# T5's - whats really in them and how good are they



## NakedGuy (Sep 1, 2009)

So i went to my local reputable supplement store....to remain unamed of course as I dont want a :ban: . I was looking for some fat burners as I am on a cut. I have used some thermo tabs before, ECA stack etc. I asked the very helpful sales assistant what he best recomended. Now looking at the shape of him, I wasnt going to argue. He locked the door and kindly introduced me to his box of T5, which I purchased of course.

I started on 1 tab per day which made me feel like I had snorted a gram of columbia's finest....not that I know what that is really like of course. I am now up to 3 per day and not really feeling the zoom zoom zoom effect anymore, just appetite suppresion.

What is actually in them? I have heard 60mg ephidrine and 200mg caffine, anyone know if this is true?

Is anyone else on them and making good results? I will post my own views later once I decide for myself if they are beneficial or not

cheers :beer:


----------



## Milky (Nov 30, 2008)

I have also heard they have aspirin in them mate as well as the two you stated.


----------



## Majordomo (Oct 20, 2009)

The ones I have contain

60mg - Eph

200mg - Caffeine

300mg - Aspirin

100mg - Naringin


----------



## NakedGuy (Sep 1, 2009)

sounds like quite a lot.....defo liven me up for work in the morning thats for sure.

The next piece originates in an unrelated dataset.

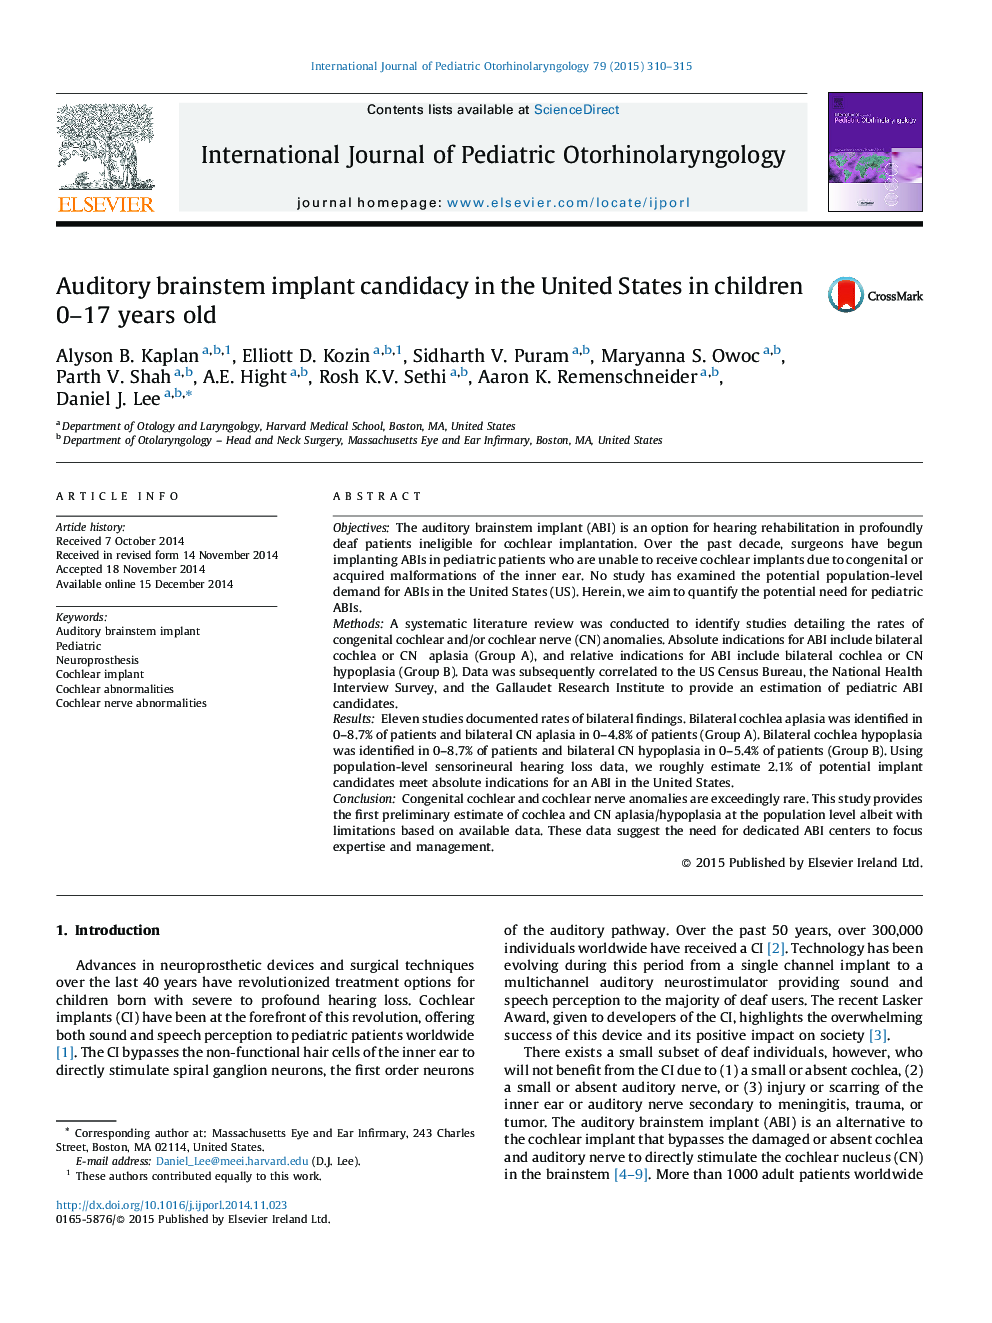 Auditory brainstem implant candidacy in the United States in children 0–17 years old

How long you been on them majordomo, any results? also the ones i have came in an unmarked brown tub, around 60 in a tub. Clear capsules with a whiteish powder inside...that sound familiar??


----------



## Kristeen (Jul 6, 2010)

do they have a smell? peppery ish

KP


----------



## coflex (May 10, 2010)

most t5 are home brew type efforts. the reason you aren't getting a zoom zoom zoom is because you have built up a tolerance for them. you need to stop taking them for a week or so and when you go back on, take them only on weekdays and have weekends off. thats what i would do.


----------



## Majordomo (Oct 20, 2009)

NakedGuy said:


> sounds like quite a lot.....defo liven me up for work in the morning thats for sure.
> 
> How long you been on them majordomo, any results? also the ones i have came in an unmarked brown tub, around 60 in a tub. Clear capsules with a whiteish powder inside...that sound familiar??


Only just started this week - I've been taking one soon as I get up in the morning for fasted cardio and its certainly making a different.

I'm only taking 1 a day this week Monday to Friday, and will see how next week goes as I suspect I will build up a tollerance for them.

What sort of caffine intake are you currently taking in per day? Prior to the T5's I was having 2 black coffee's per day, one when I get up and the other jut before my gym session.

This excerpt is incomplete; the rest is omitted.